RESULTS: Thirty-one patients with PCM were included, 14 with follicular mucinosis (FM), 8 with reticular erythematous mucinosis, 2 with scleredema, 6 with pretibial myxedema and one patient with lichen myxedematosus. In all 31 specimens, mucin stained positive for Alcian blue and negative for PAS. In FM, mucin deposition was exclusively found in hair follicles and sebaceous glands. None of the other entities showed mucin deposits in follicular epithelial structures. Using MFS, all cases showed CD4+ and CD8+ T cells, tissue histiocytes, fibroblasts and pan-cytokeratin+ cells. These cells expressed MUC1 at different intensities. MUC1 expression in tissue histiocytes, fibroblasts, CD4+ and CD8+ T cells, and follicular epithelial cells of FM was significantly higher than the same cell types in the dermal mucinoses (p < 0.001). CD8+ T cells were significantly more involved in expression of MUC1 than all other analysed cell types in FM. This finding was also significant in comparison with dermal mucinoses.

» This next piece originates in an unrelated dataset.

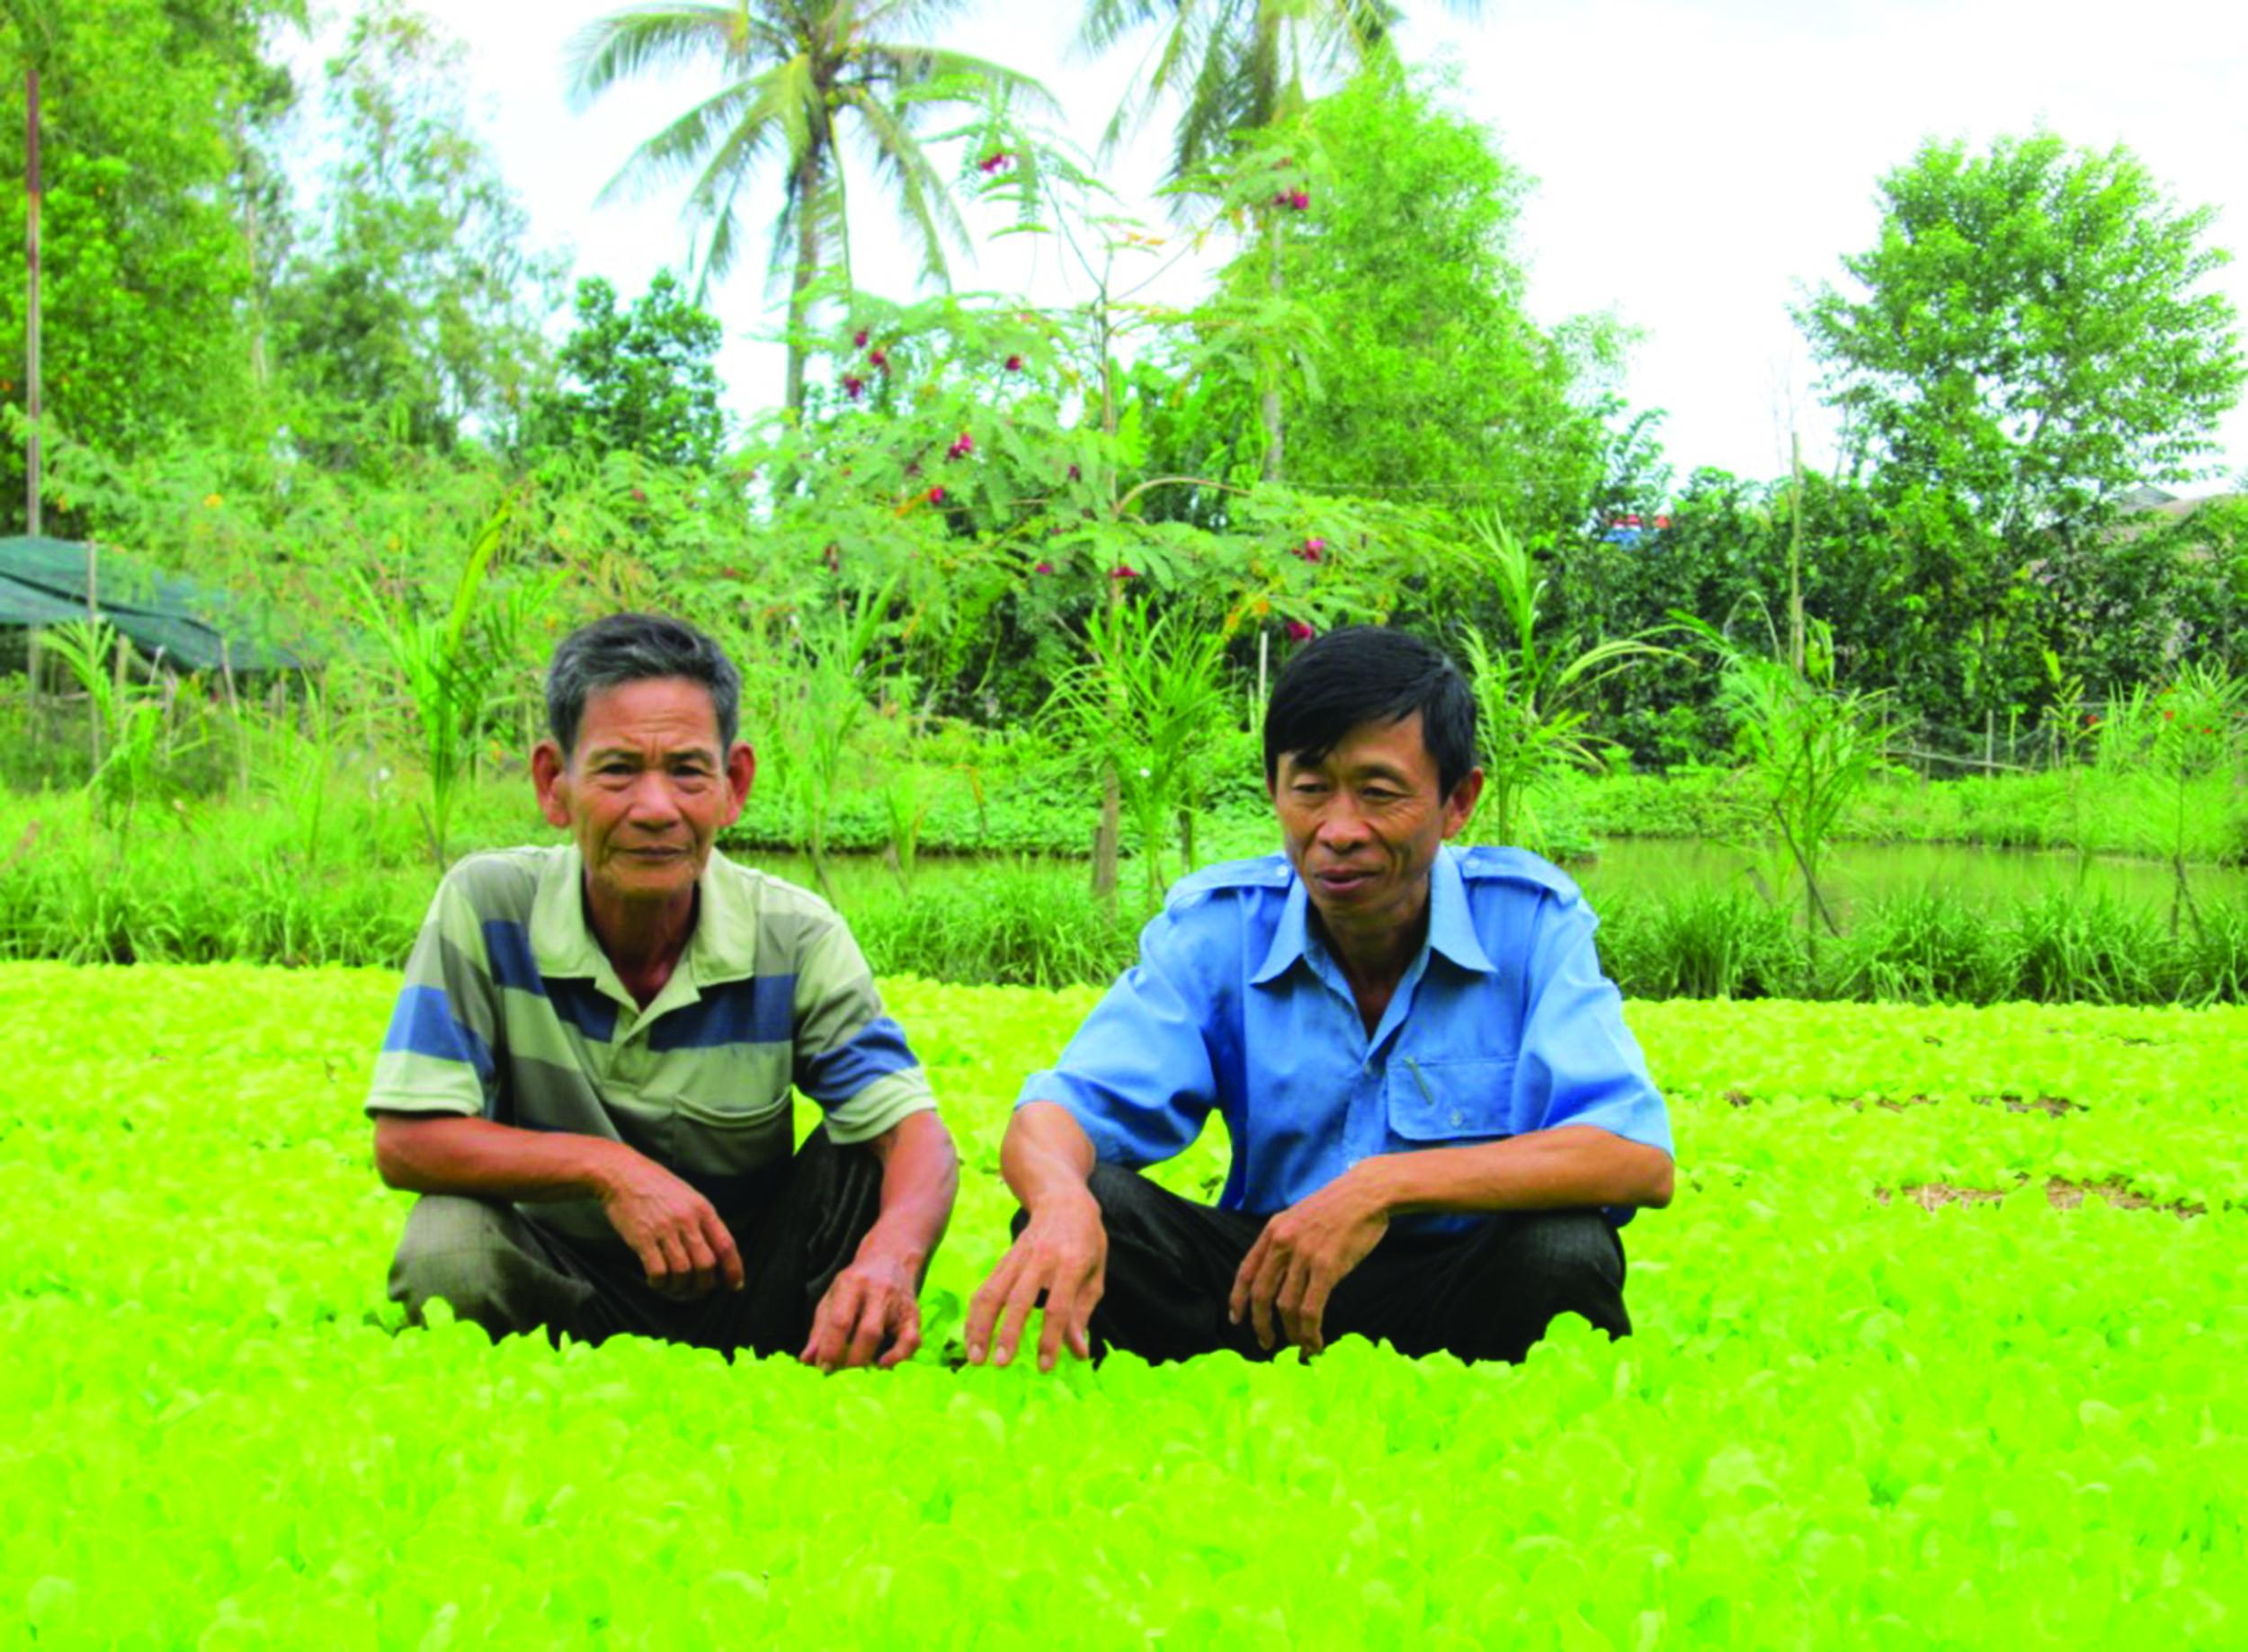 Từ nguồn vốn hỗ trợ phát triển sản xuất cho đồng bào Khmer, Anh Danh Nưl (bên phải) ở ấp Láng Sen (xã Bàn Thạch, Giồng Riềng) đã trồng màu chuyên canh cho thu nhập khá.

CONCLUSIONS: Various cell types seem to contribute to mucin production in PCM. Using MFS, we showed that CD8+ T cells seem to be more involved in the production of mucin in FM than in dermal mucinoses, which could indicate that mucin in dermal and follicular epithelial mucinoses have different origins.
摘要:
背景:原发性皮肤粘液病(PCM)是罕见的疾病,其特征是真皮或毛囊粘蛋白沉积。
目的:一项以PCM为特征的回顾性研究,以比较真皮与毛囊粘蛋白,以确定其在单细胞水平上的潜在起源。

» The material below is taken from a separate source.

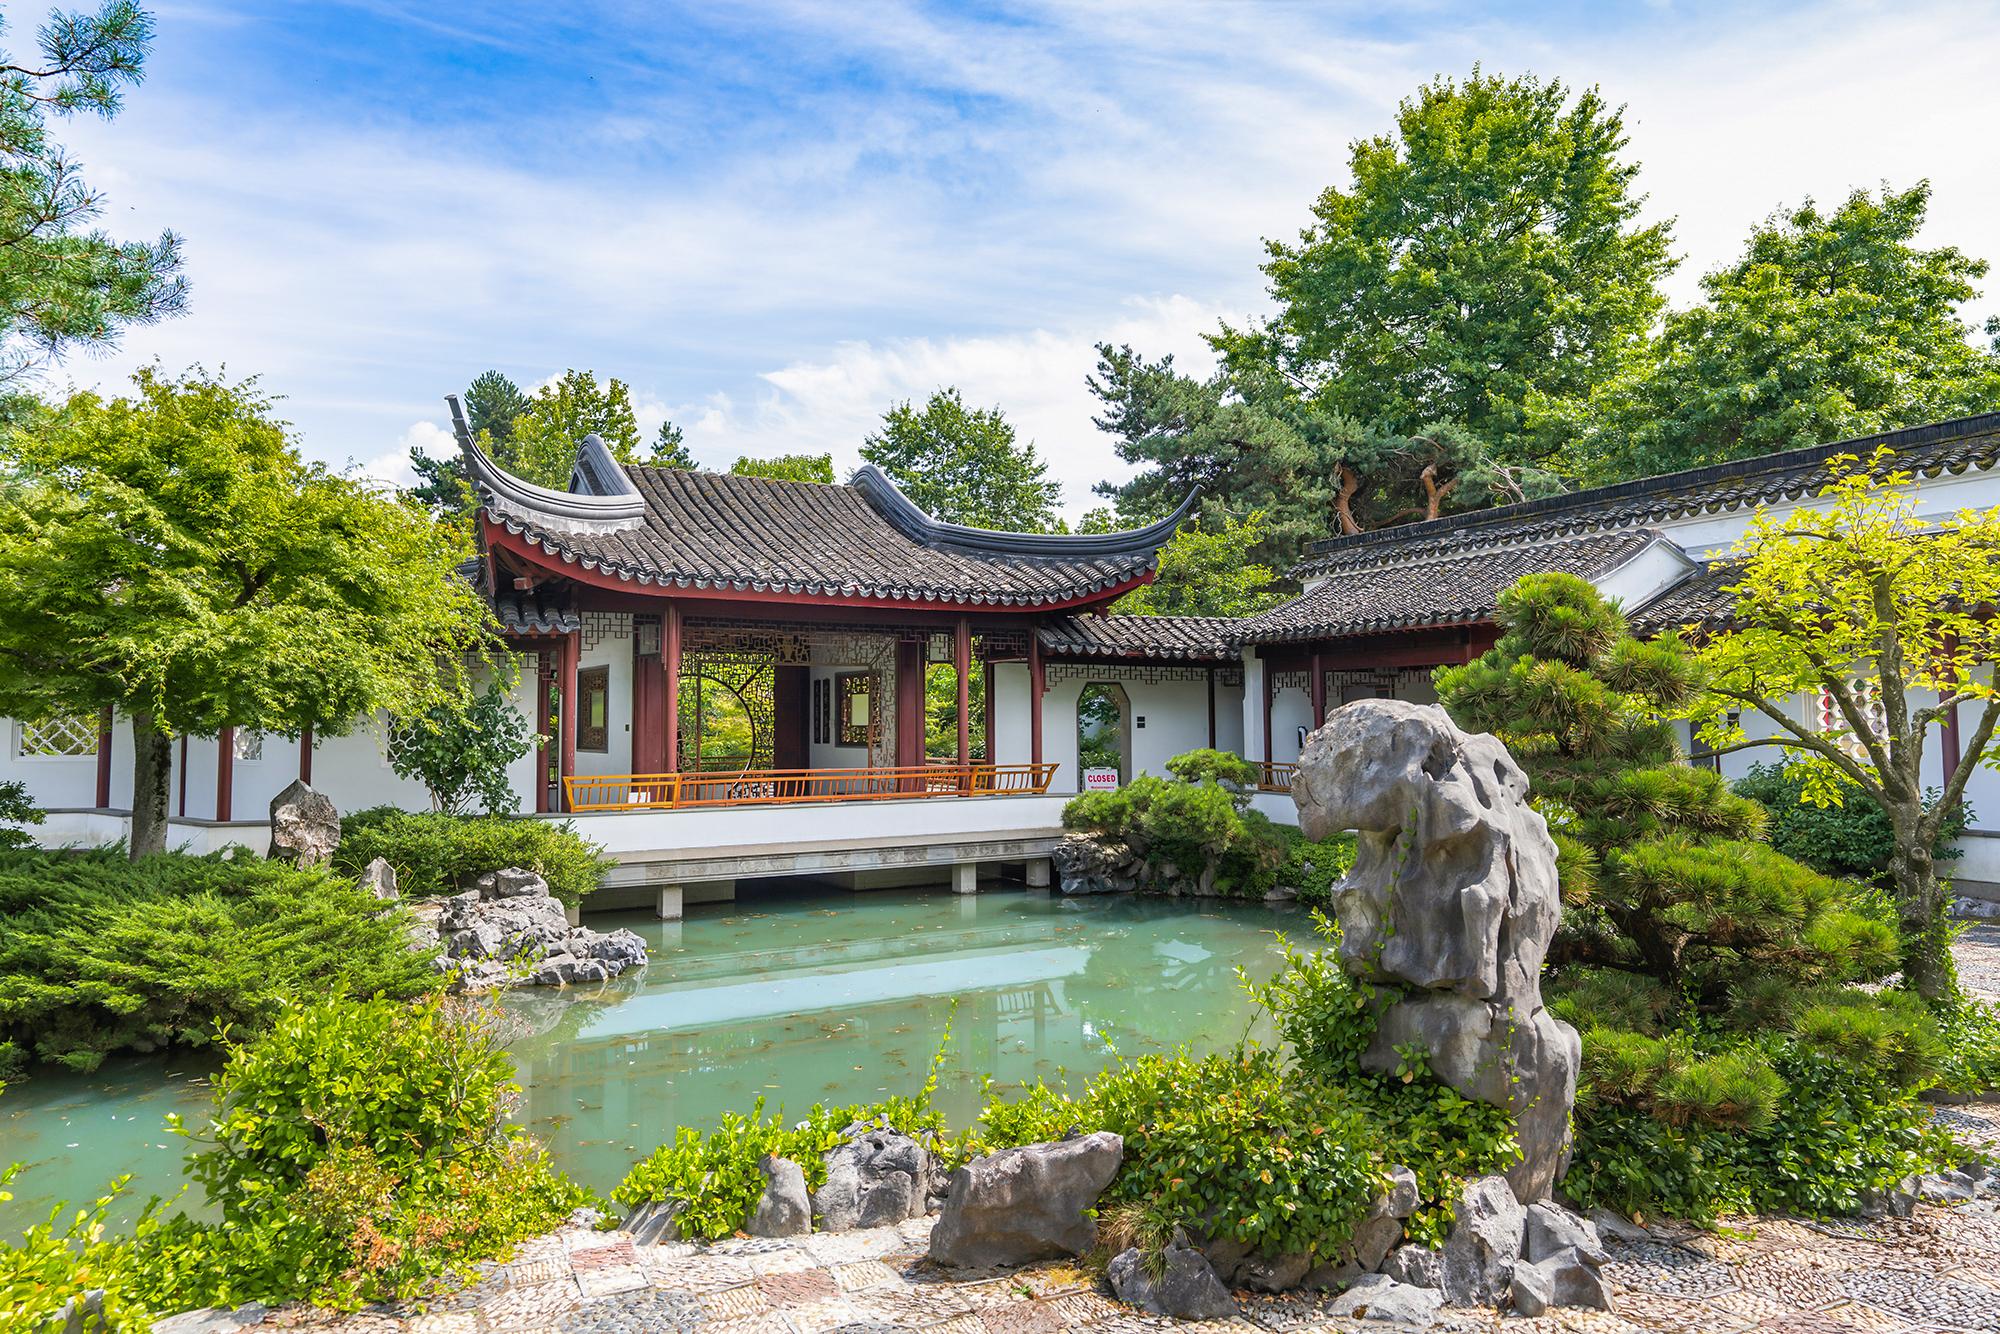 Jade Water Pavilion at Dr. Sun Yat-Sen Classical Chinese Garden.

方法:本研究包括2010年至2020年在我们科室诊断为PCM的患者。活检标本使用常规粘蛋白染色剂(阿尔辛蓝,PAS)和MUC1免疫组化染色。在某些情况下,使用多重荧光染色(MFS)来研究哪些细胞与MUC1表达相关。
结果:包括31例PCM患者,14患有滤泡黏液病(FM),8伴有网状红斑黏液病,2与scleredema,胫骨前黏液水肿6例,黏液性苔藓1例。在所有31个标本中,粘蛋白对阿尔辛蓝染色阳性,对PAS染色阴性。在FM中,粘蛋白沉积仅在毛囊和皮脂腺中发现。其他实体均未在滤泡上皮结构中显示粘蛋白沉积。使用MFS,所有病例均显示CD4+和CD8+T细胞,组织细胞,成纤维细胞和泛细胞角蛋白+细胞。这些细胞以不同的强度表达MUC1。MUC1在组织细胞中的表达,成纤维细胞,CD4+和CD8+T细胞,FM的滤泡上皮细胞明显高于真皮粘液中的相同细胞类型(p<0.001)。与FM中所有其他分析的细胞类型相比,CD8+T细胞显著更多地参与MUC1的表达。这一发现与真皮粘液病相比也是重要的。
结论:各种细胞类型似乎有助于PCM中粘蛋白的产生。使用MFS,我们发现CD8+T细胞似乎更参与FM中粘蛋白的产生,这可能表明真皮和毛囊上皮粘液素有不同的起源。
目的:一项以PCM为特征的回顾性研究,以比较真皮与毛囊粘蛋白,以确定其在单细胞水平上的潜在起源。
方法:本研究包括2010年至2020年在我们科室诊断为PCM的患者。
结果:包括31例PCM患者,
结论:各种细胞类型似乎有助于PCM中粘蛋白的产生。